Well, Forth code can be well-written and high-end. But, as a friend said,
"the problem with most Forth programmers is that they think of the reset
switch as a programming tool." I wrote a LOT of Forth in my day. I learned
LISP and Forth at the same time (along with Smalltalk). Of the three,
Forth is the one I liked best and used most. I have worked on
commercial-scale Forth projects; one was a hypertext medical system before
hypertext became so common.

But I'd say that C is a *fuck* of a lot better language for almost
everything than Lisp. Try debugging a large Lisp project. When you've done
one on the scale of the average commercial software project, then I think
you'll have earned the right to tell programmers what tools they maybe
should or shouldn't use. We still won't listen, mind you.

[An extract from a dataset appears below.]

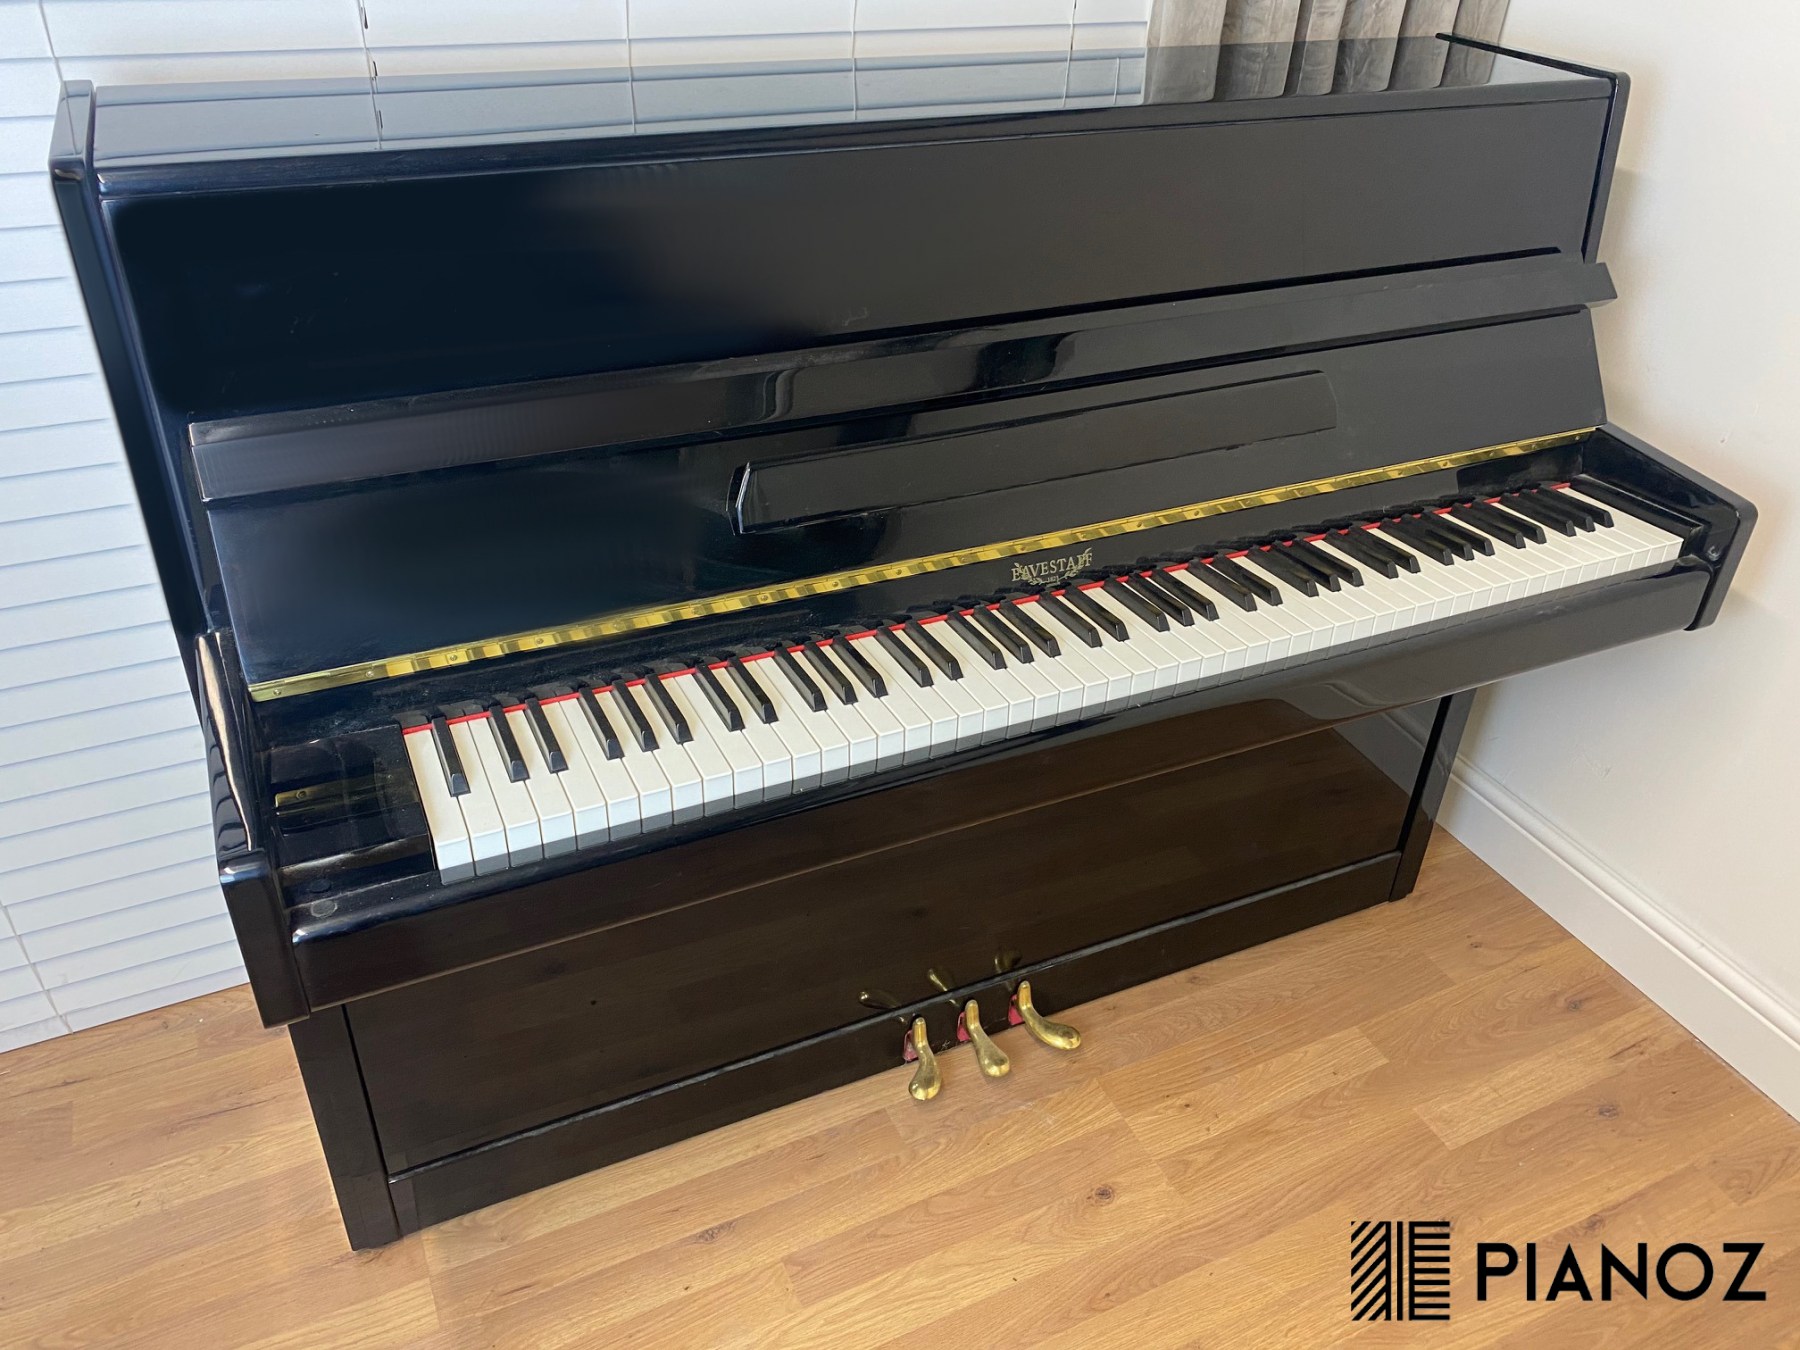 Eavestaff 108 Black Upright Piano piano for sale in UK

> Emacs is broken since it doesn't do threading. Nor incremental
> nonintrusive gc. No patches will do, it needs badly to be rewritten
> from scratch, because it sucks so badly.

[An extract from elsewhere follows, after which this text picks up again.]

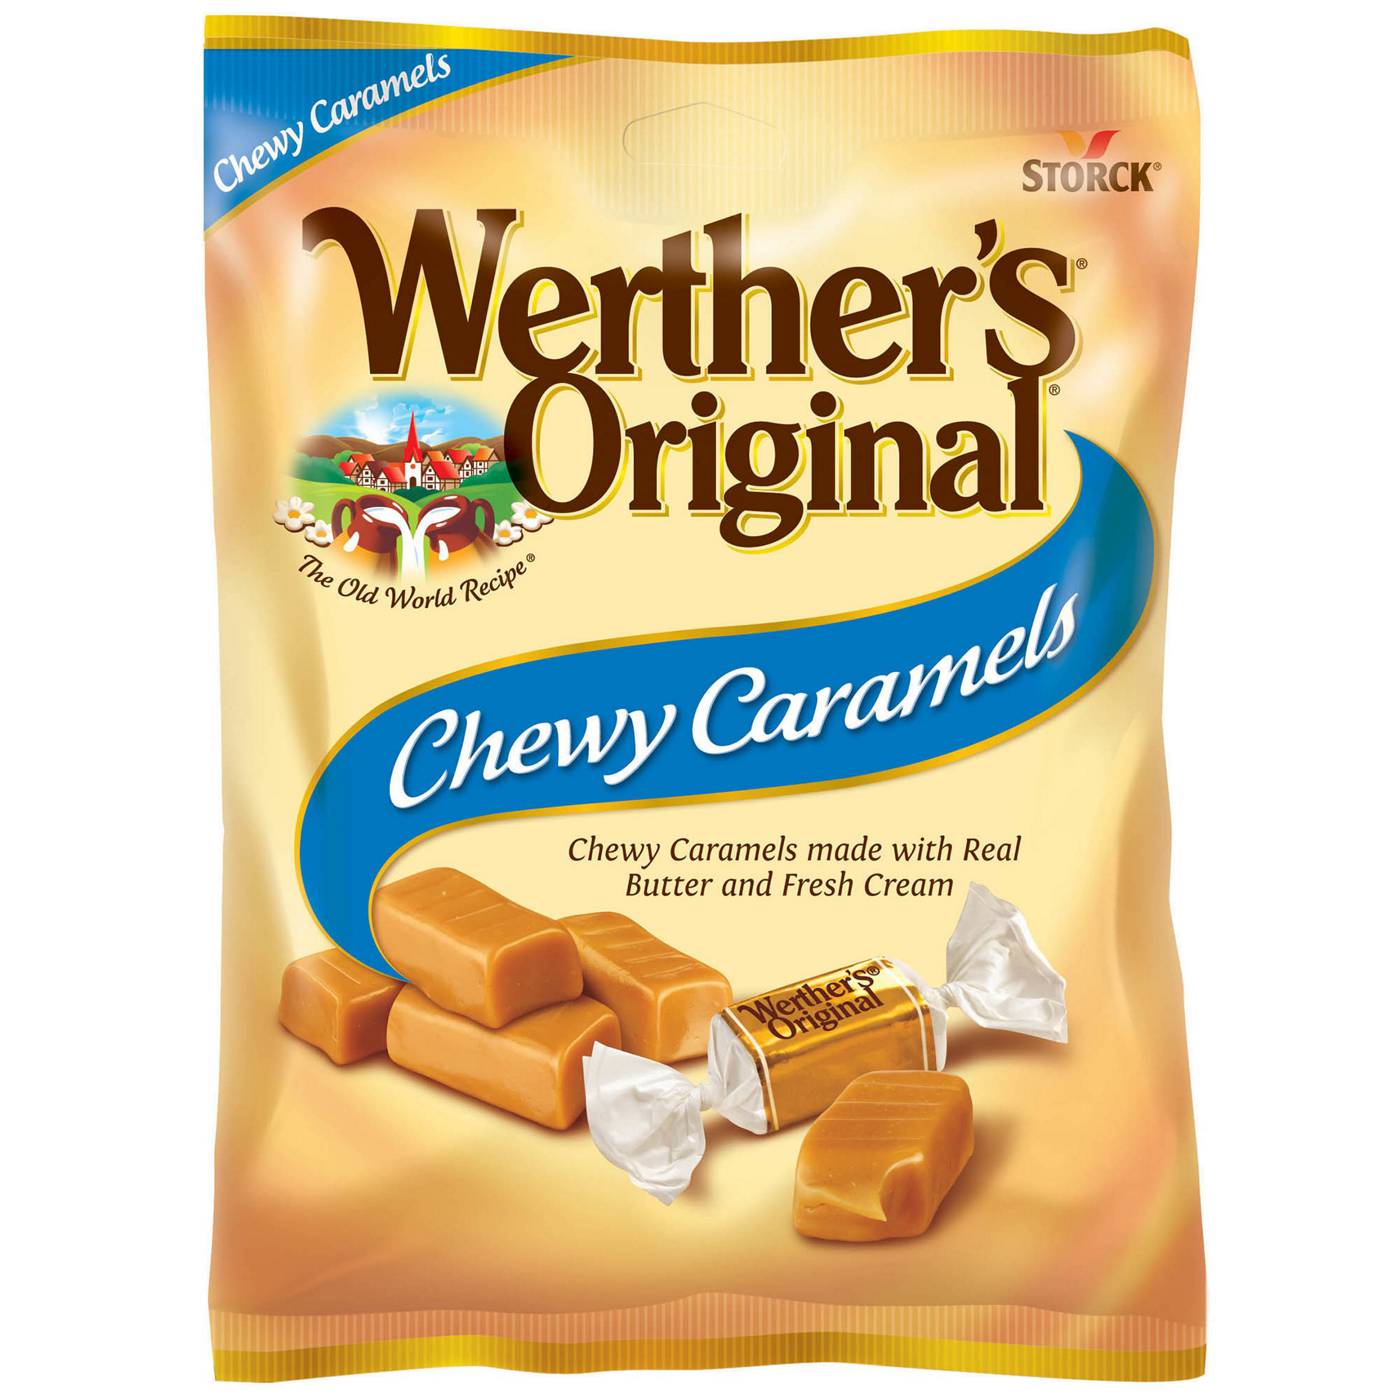 Werther's Original Chewy Caramel Candy; image 1 of 6

If it were written in C, it wouldn't need to be rewritten from scratch.
That's the point you don't get.

> And I'm not a coder, so I'm forced to stick to a large enough
> community (damn these brownian sheep). Python/C seems to offer the
> righ mix of nice features, productivity (especially for a noncoder),
> performance and support. Perl/C has too many warts, albeit a larger
> community.

I prefer PHP for doing web stuff, but for everything else I pretty much
use Python.

> I wish programmers had less maestro/diva streaks, and wouldn't keep on
> fragmenting into balkanized communities, producing little isolated
> noninteroperable code sniglets, and most of them of lousy quality
> while bleating out that their spot is sweeeetest.

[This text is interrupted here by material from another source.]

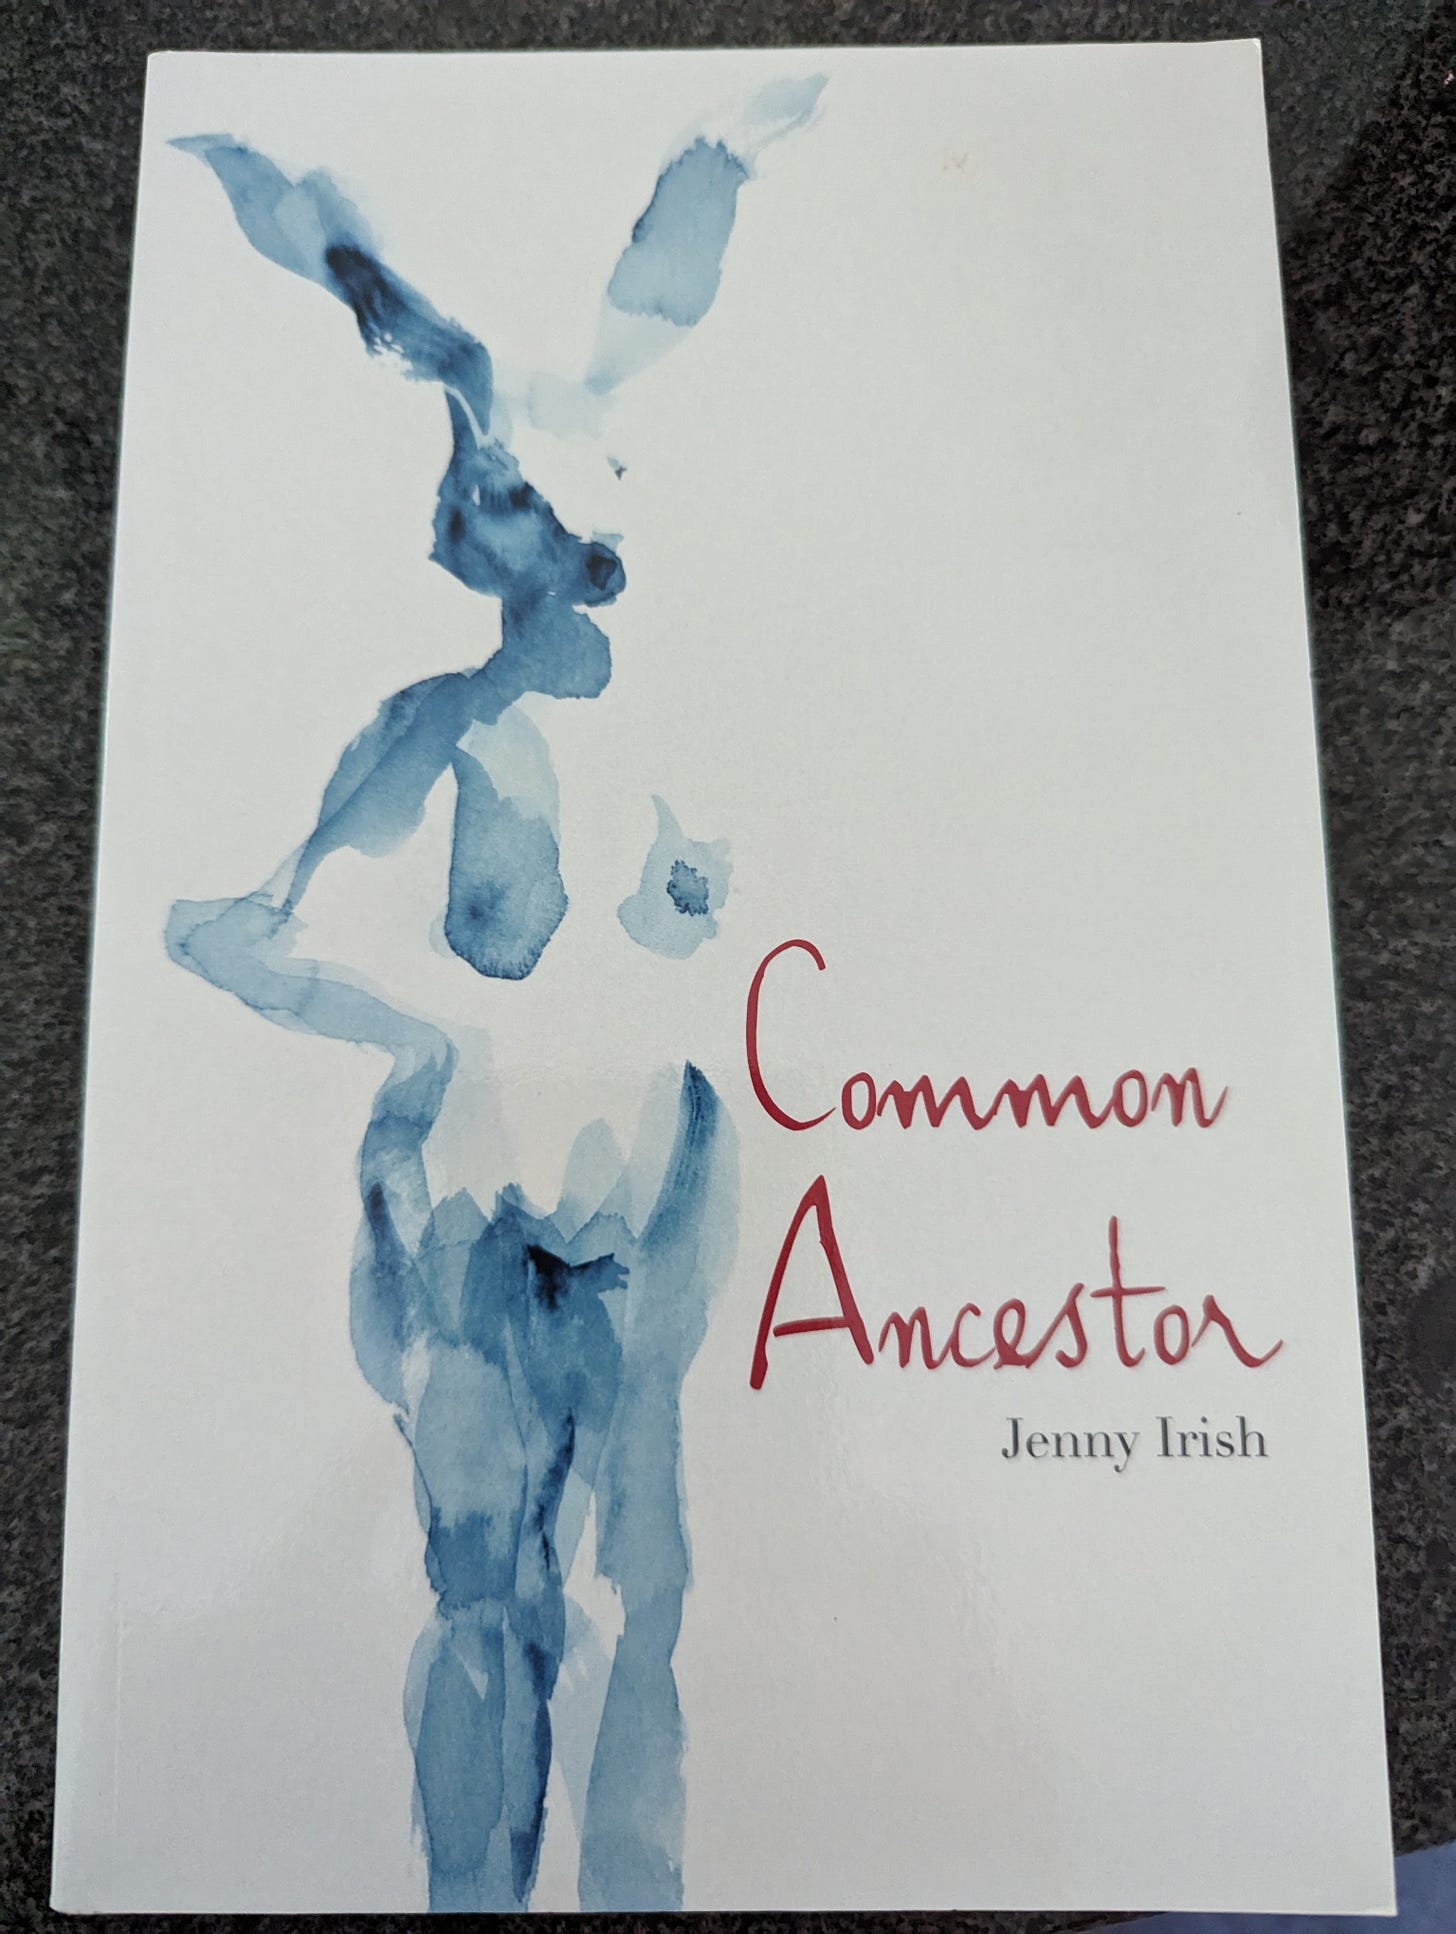 White cover with a painting of a blue rabbit woman with bare breasts - title Common Ancestor in red script

Maybe you really need to learn what it's like to be a programmer. I've
done it for a living for a quarter century now. The primary languages I've
used, in order: Basic, Pascal, Forth, C, C++, Python, PHP.

Why the evolution? Because, among other things, the toolsets changed.

>  > I'd be hard-pressed to name a language I like less than Lisp.
>  > I think I even prefer Visual Basic, and that's saying something.
> 
> I honestly don't understand that. Is it the verbosity or parenthesis
> which irk you, or something deeper? Snootiness? Stench of the rotting
> AI carcass?

It's the AI aspect, in part.

I don't like the verbosity, obscurity or parentheses either, but I can
forgive any one of those. 

I just don't care for functional languages. Of the classes I took in CS,
AI was my second-least favorite (the lower layers of the OSI model were
the only thing that won out but there was pretty stiff competition).

-- 
_Deirdre   *   http://www.sfknit.org   *   http://www.deirdre.net
"More damage has been caused by innocent program crashes than by 
malicious viruses, but they don't make great stories."